- Born: Joseph Ignas Macwan 9 October 1936 Tranol, Anand, Gujarat
- Died: March 28, 2010 (aged 73) Nadiad, Gujarat
- Education: Master of Arts
- Occupations: Novelist, biographer
- Spouse: Reginaben ​(m. 1955)​
- Writing career
- Language: Gujarati
- Years active: 1956–2010
- Genres: Novel, biography
- Subjects: realism
- Notable works: Vyathana Vitak (Agony of Suffering; 1985); Angaliyat (The Step Child; 1986);
- Notable awards: Sahitya Akademi Award (1989); Dhanji Kanji Gandhi Suvarna Chandrak (1990);
- Literary movement: Dalit literature in India

Signature

= Joseph Macwan =

Joseph Ignas Macwan (9 October 1936 – 28 March 2010) was an Indian Gujarati-language novelist, short story writer and essayist from Gujarat, India. He received the Sahitya Akademi Award in 1989 for his novel Angaliyat (1986). He was also a recipient of the Dhanji Kanji Gandhi Suvarna Chandrak (1990). His significant works include: Vyathana Vitak (Agony of Suffering; 1985), Angaliyat (The Step Child; 1986) and Mari Paranetar (1988). He died on 28 March 2010, in Nadiad following kidney failure.

==Biography==
Macwan's grandfather was a Hindu, but he adopted Christianity in 1892. Macwan was born on 9 October 1936 in Tranol, a small village of Kheda taluka, Anand district, Gujarat. His family were natives of Oad, a small village nearby. He was born in the village of Tranol. He was born there because his father Ignas, or Dahyalal was working with a Christian mission there. His father was also known as a master in his village. His childhood passed in poverty and lack of maternal care. His mother Hiriben (Hira) died when he was young. His father soon married another woman who was cruel to him.

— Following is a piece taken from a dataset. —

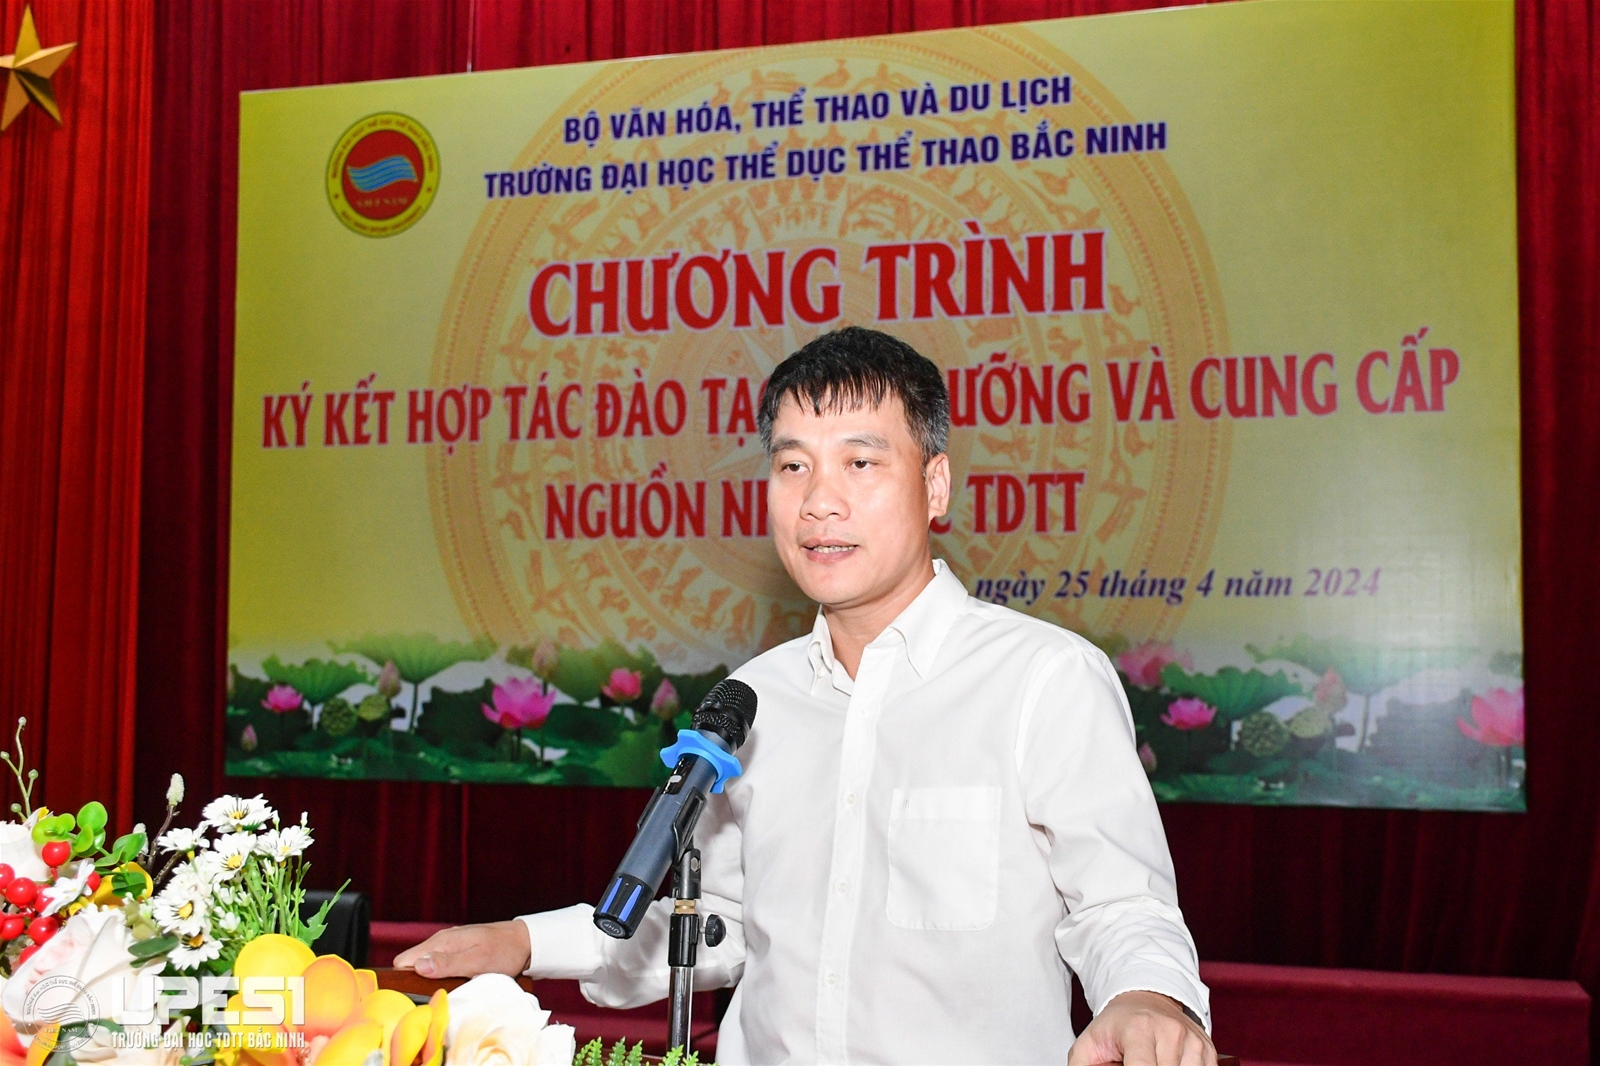 Chương trình ký kết hợp tác đào tạo, bồi dưỡng và cung cấp nguồn nhân lực TDTT tại Trường Đại học TDTT Bắc Ninh năm 2024 - Ảnh 1.

Macwan was a prodigy. He was admitted to school when he was five years old because of his reading and writing skills. Which were more advanced than those of most students of the usual admitting age of seven years. At that time it was unusual to study in school in his community. He had good memory skills and he could remember poems by listening to his brother who used to recite poems to his ill mother. He studied in the Missionary School of Oad village until fourth grade, then he did two grades at a local board school. He passed the vernacular final exam at the I P Mission School of Nadiad in 1950.

Due to poverty, he joined the Christian Missionary School at Khamloj as a teacher when he was fourteen. Later he was transferred to Missionary School, Nadiad as a Deputy PTC (Primary Teacher's Collage) in 1955. In the same year, he passed matriculation with 72%. He also completed Vinit Visharad and Rashtrabhasha Ratna during the same period. In 1957, he joined St. Xavier's School in Anand as a teacher of Hindi language. He passed a Master of Arts in Hindi by studying in weekend classes while working as a teacher. He served as a visiting lecturer of Hindi at the College of Dakor from 1971 to 1972 and at M B College, Vidyanagar from 1972 to 1977. Later, he resigned from his visiting lecturer posts and continued to teach at the St. Xavier's School until his retirement in 1994.

He married Reginaben in November 1955, and they had four daughters and four sons.

He died on 28 March 2010, in Nadiad following kidney failure.

==Literary career==

Macwan's writing is inspired by his real life experiences.

His first novel Angaliyat (The Stepchild) was published in 1986, followed by Lakshman Ni Agni Pariksha (1986), Mari Parnetar (1988), Manakhani Mirat (1992), Bij-Trij Na Tej (1995), Ajanma Aparadhi (1995), Dada Na Deshma (1996), Mavatar (1996), Amar Chandalo (2002), Dariya (2006), Sangavato, Bhini Mati Kora Man (2004), Apano Paras Aap (2005) and Charushila (2011). Macwan depicted the life of the Charotar region in his novels. Vyathana Vitak, is a biographical work published in 1985, followed by Vahalna Valkha (1987), Prit Pramani Pagle Pagle (1987) and Mari Bhillu (1989). Sadhna Ni Aaradhna (1989) is a short story collection.

==Translations and adaptations==
His novel Angaliyat has been translated into English by Rita Kothari as The Stepchild in 2004. His Lohino Sambandh has been adapted as the film Bas Yari Rakho (English title: My Little Devil) and Baheru Aayakhu Mungi Vyatha has been adapted as a tele-film.

== Recognition ==
He won Sahitya Akademi Award for Gujarati language in 1989 for his novel Angaliyat. He won Dhanji Kanji Gandhi Suvarna Chandrak in 1990.